> **Information shown**
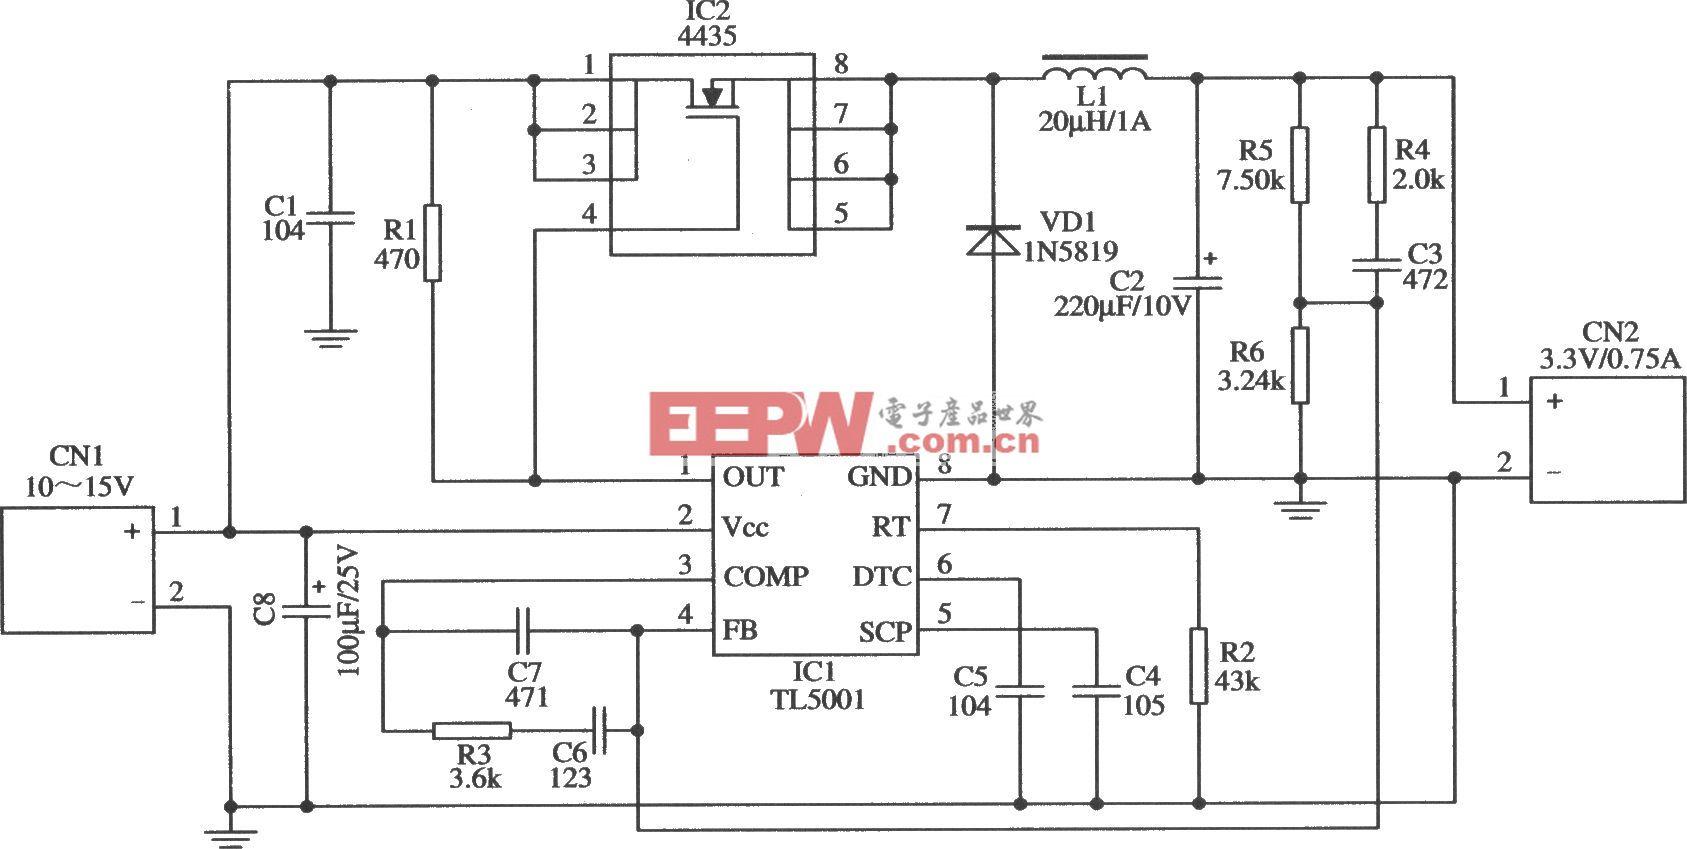 TL5001构成输入5V、输出3.3V/0.75A的开关稳压器应用电路
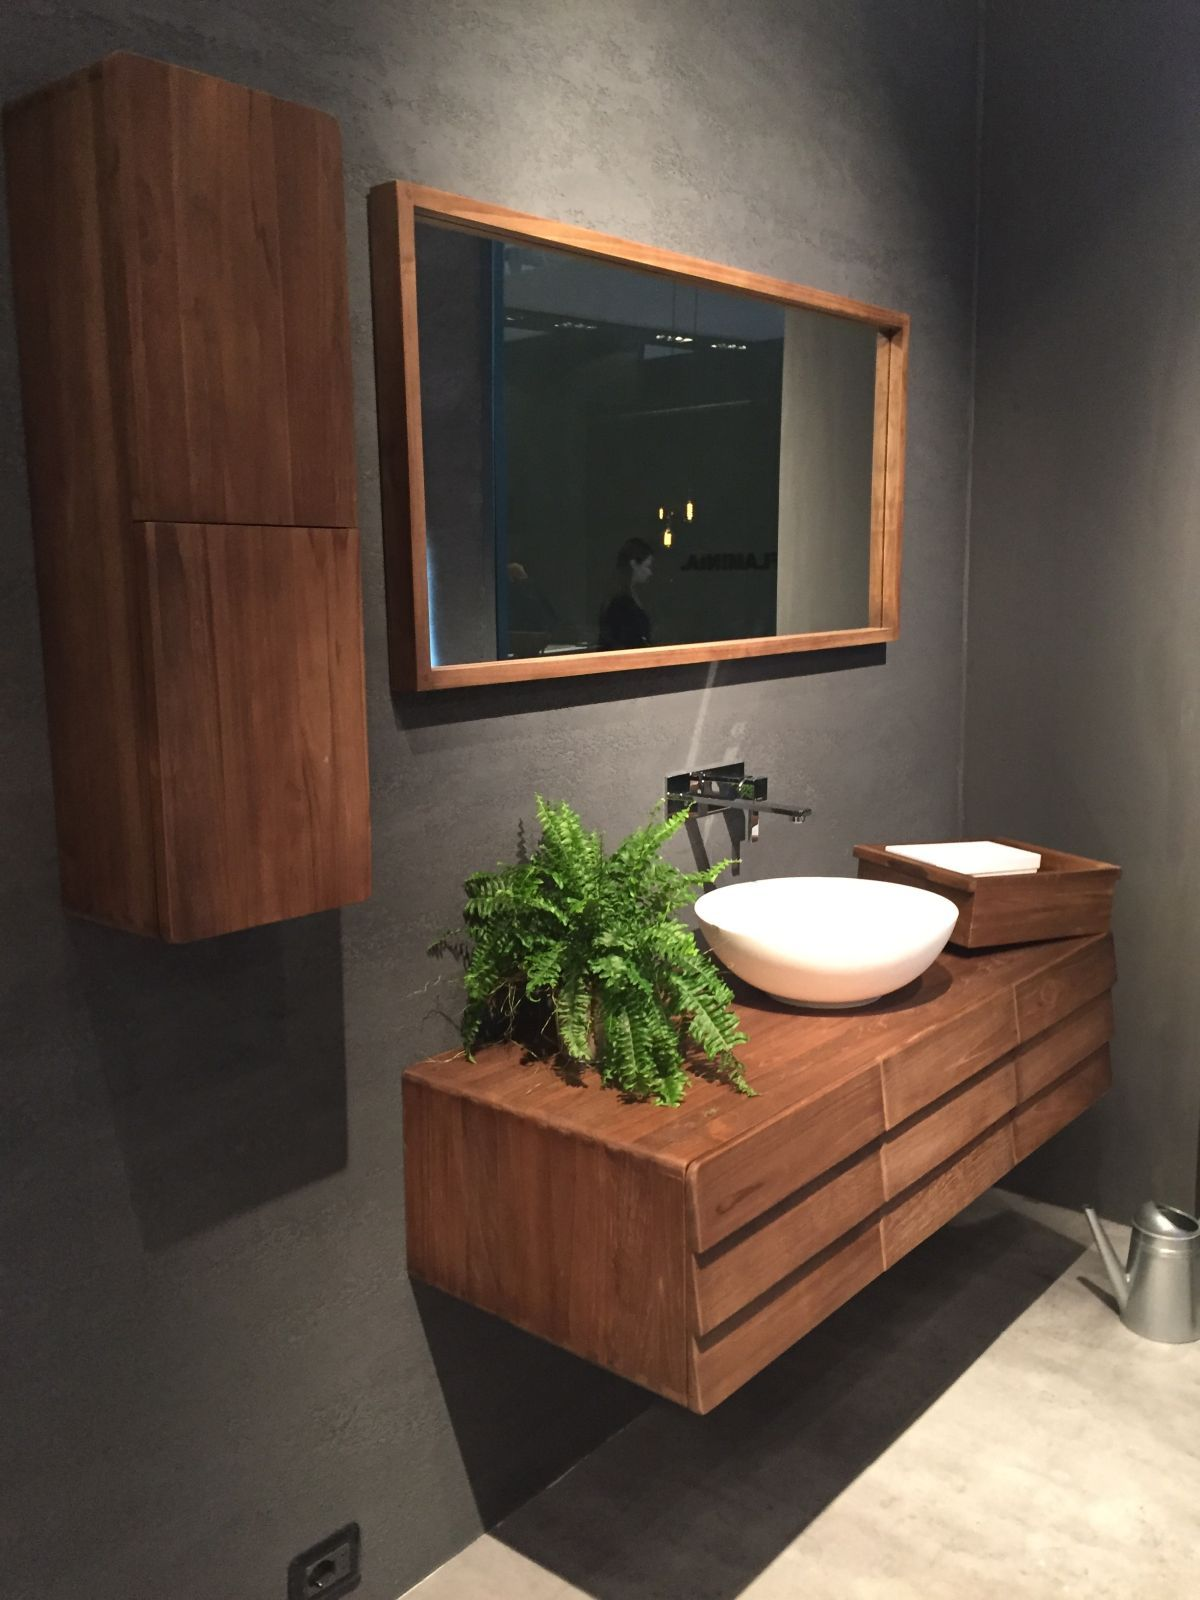 121 Bathroom Vanity Ideas Verity Jayne Modern Bathroom Vanity Modern Bathroom Bathroom Vanity Designs [ 1600 x 1200 Pixel ]
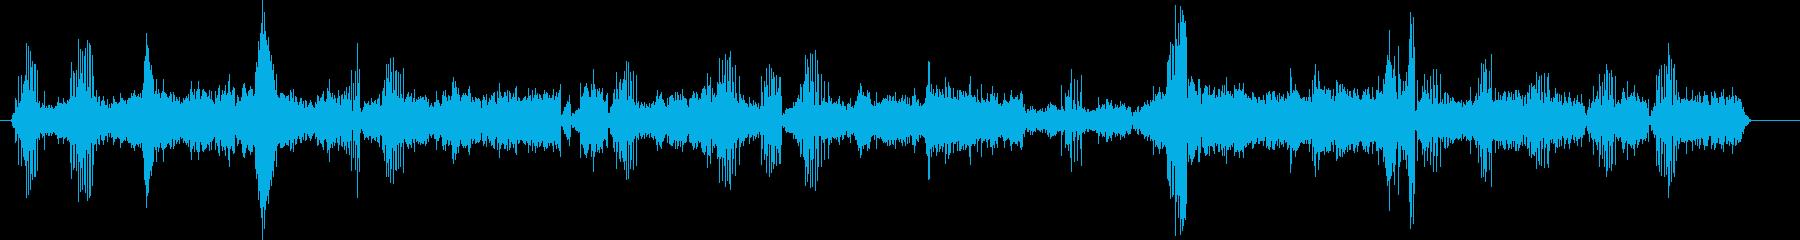 クジラ、灰色の呼び出し。複数の低音...の再生済みの波形
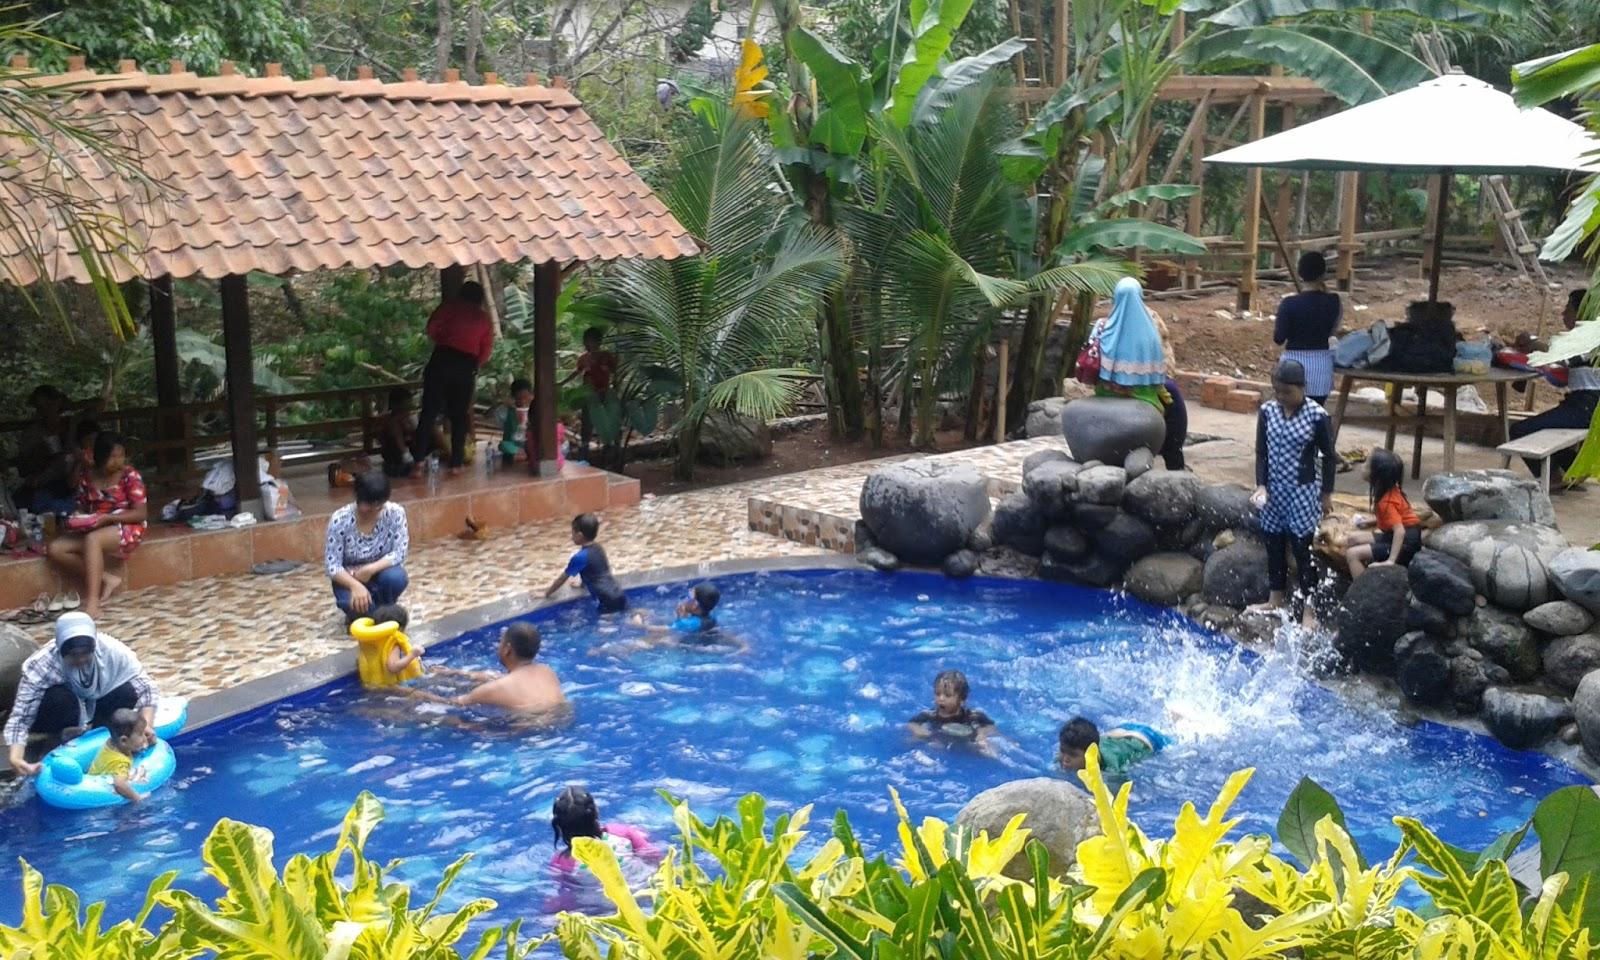 Watu Gunung Danau Buatan Miliki Bangunan Kuno Semarang Tempat Bisa

> **Brief**
Output nothing but the lines from the line with "121 Bathroom Vanity" through the last line of the material above, please, word for word and without the pictures.

> **Output for this task**
 121 Bathroom Vanity Ideas Verity Jayne Modern Bathroom Vanity Modern Bathroom Bathroom Vanity Designs [ 1600 x 1200 Pixel ]
 クジラ、灰色の呼び出し。複数の低音...の再生済みの波形
 Watu Gunung Danau Buatan Miliki Bangunan Kuno Semarang Tempat Bisa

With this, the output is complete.